Reverend Adrienne Berry-Burton has joined the Interfaith Campus Ministry as the Protestant campus minister. She has been appointed by the Board of Boston Cambridge Ministries in Higher Education (BCMHE), which oversees the ministry at UMass Boston as well as those at MIT, Suffolk University, Boston University, and Harvard University. She replaces Sarah Small, who served as the Protestant minister for many years, and has been ill for quite some time. Dean of Students Stephanie C. Janey recently accepted a position on the BCMHE Board as a representative from the UMass Boston community.

Mary Bonner, secretary for the English Graduate Program, retired from the University on October 21 after 26 years of employment. She moved to Ireland on November 1.

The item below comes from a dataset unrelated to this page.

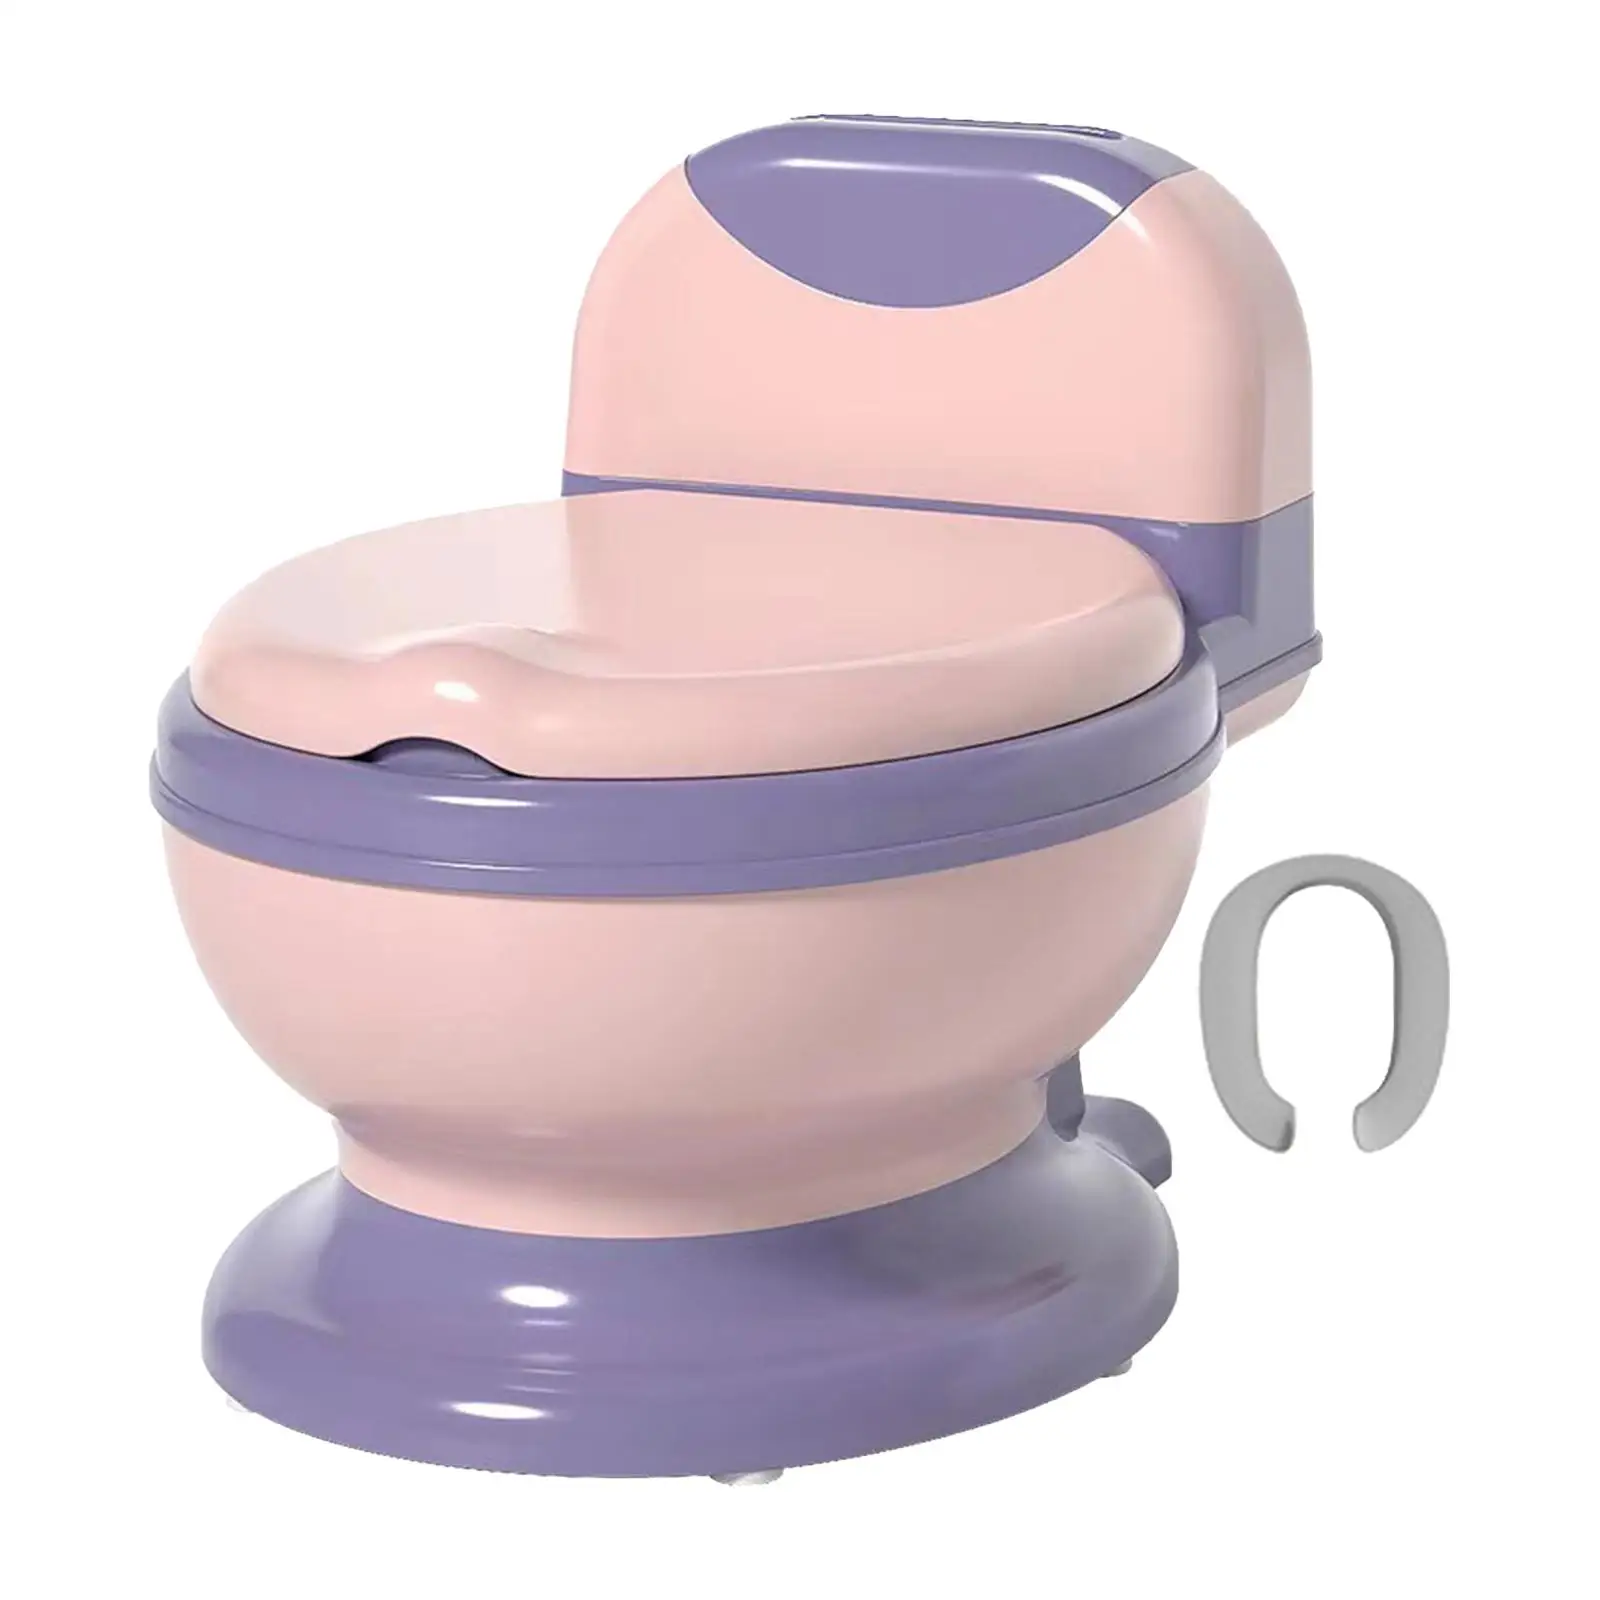 Potty Train Toilet Realistic Toilet Toddlers Potty Chair Real Feel Potty for Toddlers
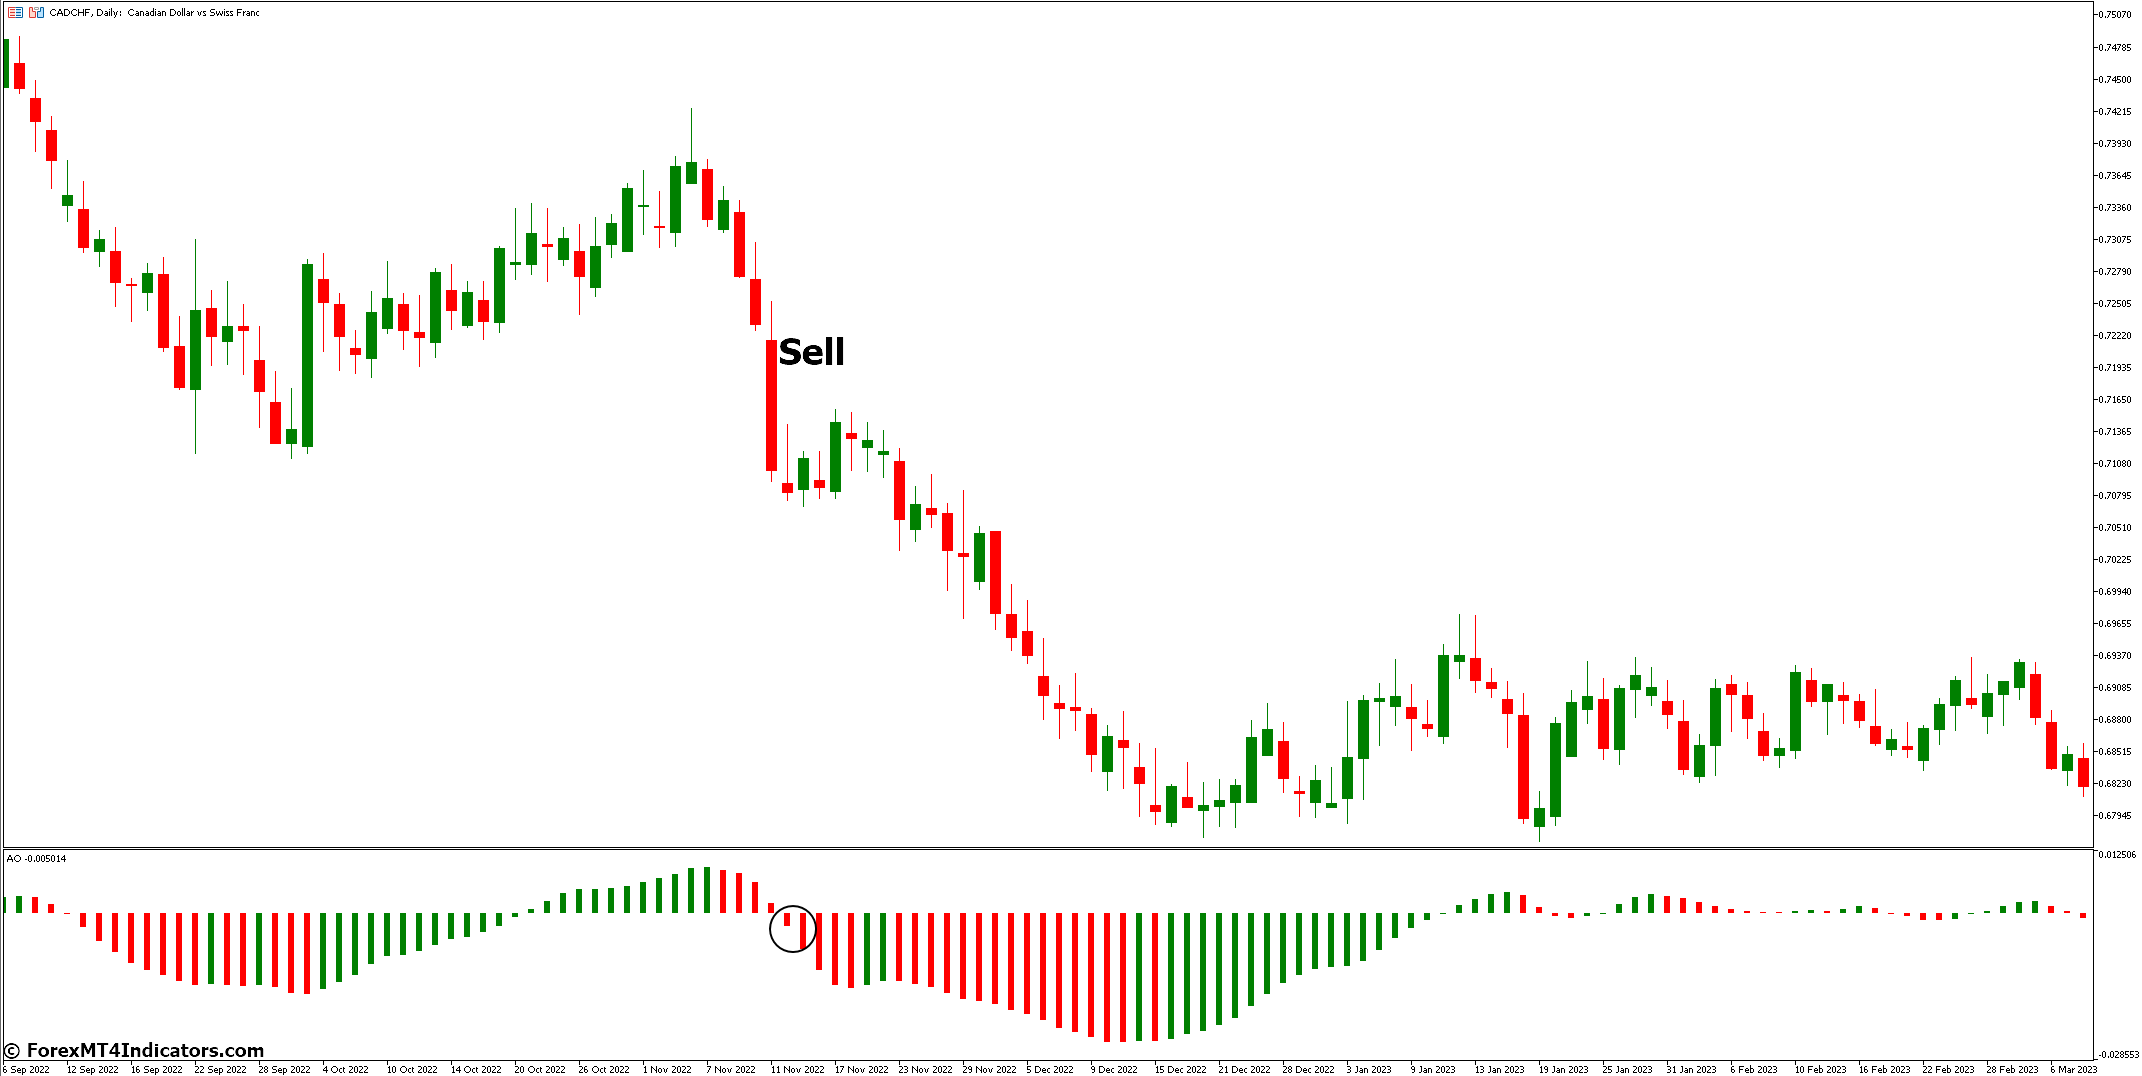 How to Trade with Awesome Oscillator MT5 Indicator - Sell Entry

The National Academy of Sciences has appointed Gary N. Siperstein, director of the Center for Social Development and Education, to a two-year term on the Committee on Disability Determination for Mental Retardation.

Births

Fernando Colina, Office of Institutional Research, and his wife Sonia had their first child, Olivia, on August 5.

A daughter, Liana Lesley Freeman, was born to Dale H. Freeman of the UMass Boston Archives and his wife Andra on April 14, 2000.

In the News

McCormack Institute Director Edmund Beard was interviewed live on national CNN television on October 3 on historical parallels to earlier presidential debates, the potential impact of such debates on voters, and the legitimacy of excluding third parties from the debates. Beard also offered pre-debate commentary on Boston's WBZ Channel 4 and on New England Cable News.

Robert Bucci, research director of the UMass Poll, was quoted in the Worcester Telegram and Gazette on the tax rate rollback initiative.

Lou DiNatale, director of the UMass Poll, appeared on WBZ Channel 4 news commenting on the 40th anniversary of the Kennedy-Nixon Debate; on October 11, he gave debate commentary on New England Cable News.

Professor Garrison Nelson, senior fellow of the McCormack Institute and UMass Poll, was quoted by the Baltimore Sun, Burlington Free Press, Chicago Tribune, Congressional Quarterly, Providence Journal, USA Today, Wall Street Journal, andWashington Post on the upcoming elections in Vermont. He also was on WKDR-AM and WPTZ-TV giving commentary on the presidential debates.

Professor James Ward, Political Science Department, was interviewed by WLVI Channel 56 to discuss the history of voting on October 18.

Correction

Due to a printer's error, the photos for the October University Reporter were scanned improperly, making them unclear and distorted.